And graph structure based on full dialog coreference

Then, the two graph structures are respectively input into a graph convolution neural network, and a text hidden layer sequence G is output ^D And G ^C 。

Further, the expression calculated by the graph convolution neural network of each layer of the graph convolution neural network in S5 is:

wherein, f (H) _v ^(l+1) ,A ^v ) Represents a convolution of each layer of the graph, for

Or

A ^d Each representing a respective corresponding adjacency matrix,

adding an identity matrix I for the corresponding degree matrix ^d To obtain

Accordingly, a corresponding degree matrix is obtained

So as to facilitate normalization operation, wherein l is the number of layers of the graph convolution neural network,

convolution of the hidden state of the neural network for the l-th layer,

further, the expression calculated by each layer of the graph convolution neural network in S2 is:

wherein, f (H) _v ^(l+1) ,A ^v ) Representing each layer of graph convolution; a. The ^v Is composed of

I, j respectively represent

The number of nodes i, j,

is A ^v The value of the ith row and jth column;

is composed of

The degree matrix of (c) is,

is D ^v The value of the ith row and ith column; in order to make the model capable of considering the node self-expression, an identity matrix I is added ^v To obtain

Accordingly, a corresponding degree matrix is obtained

To facilitate normalization operations; l is the number of layers of the graph convolution neural network,

convolution of the hidden state of the neural network for the l-th layer,

v is the representation of the original video sequence,

are trainable weights.

Furthermore, when a multi-layer Transformer model based on a GPT-2 architecture is processed, the method in S3 is required to be carried out

Inputting into linear full-connection layer, and projecting output result into S6

And (3) splicing the two to obtain a complete multi-modal input representation by using the same vector space, and then inputting the complete multi-modal input representation into a pre-training language model GPT-2.

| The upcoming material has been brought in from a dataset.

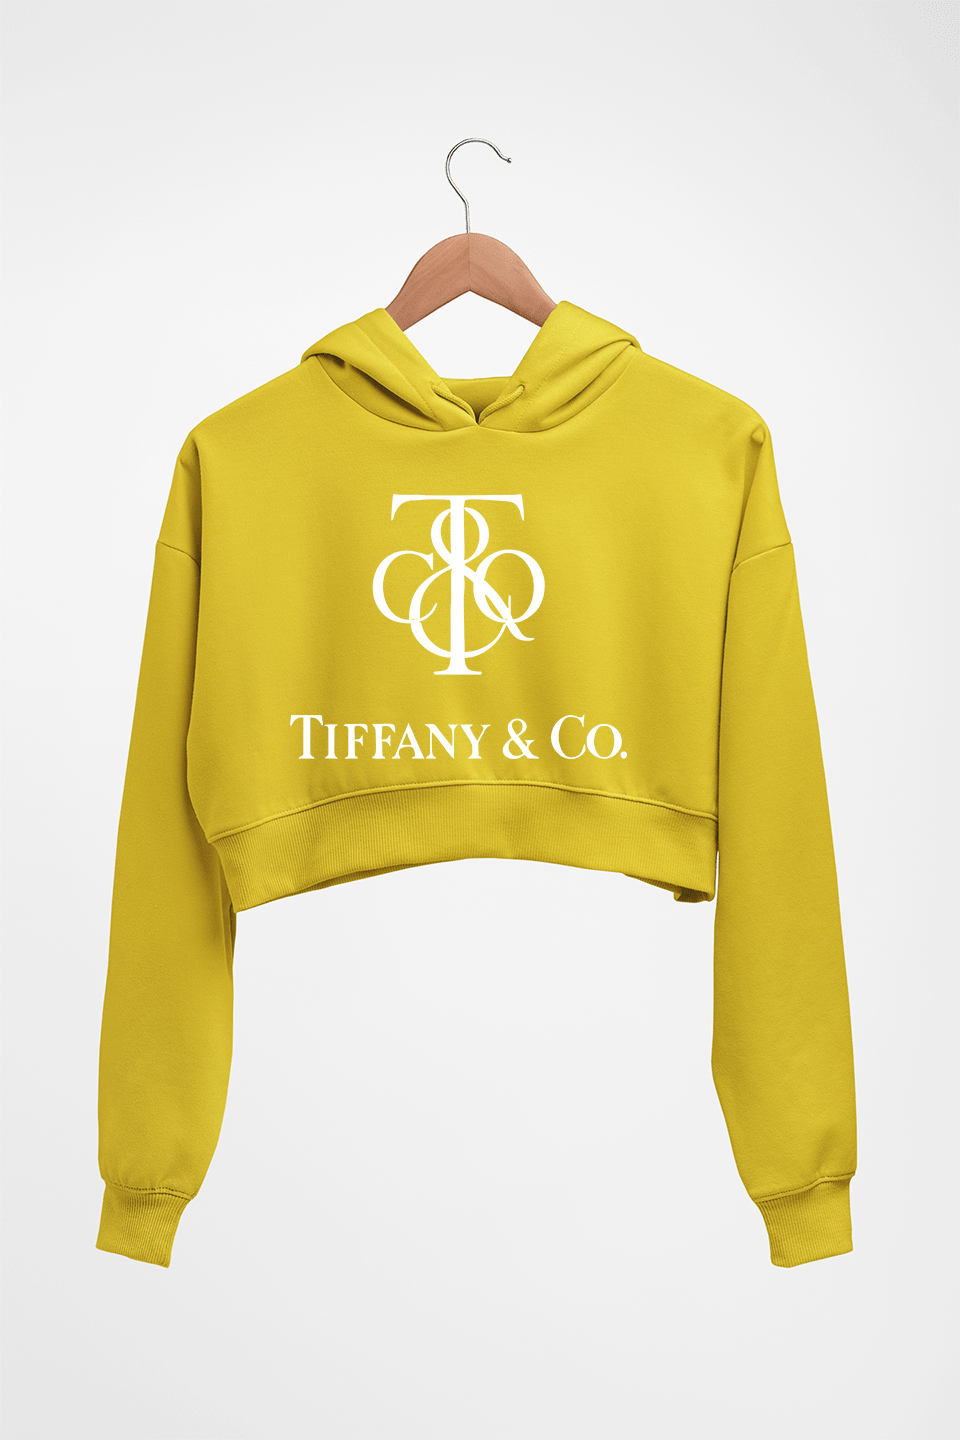 Tiffany & Co Crop HOODIE FOR WOMEN

Preferably, the GPT-2 architecture-based multi-layer transform model in S7 is formed by stacking 12 layers of transform decoder modules with a multi-head attention mechanism with masks.

Further, the multi-layer transform model based on the GPT-2 architecture is trained by using a negative log-likelihood loss function in a training process, and the training process comprises the following steps:

based on audio and video characteristics V, title C and conversation history H _＜n And the current problem Q _n Generating answers

By minimizing the negative log-likelihood loss function, the probability that the next word output is the corresponding word of the source sequence is maximized:

wherein the content of the first and second substances,

represents the answer R _n The first j-1 words of (a), theta refers to the trainable model parameters, (V, C, H, Q) set is sampled from the entire training set D, E _{(V,C,H,Q,R)～D} Indicating a desire.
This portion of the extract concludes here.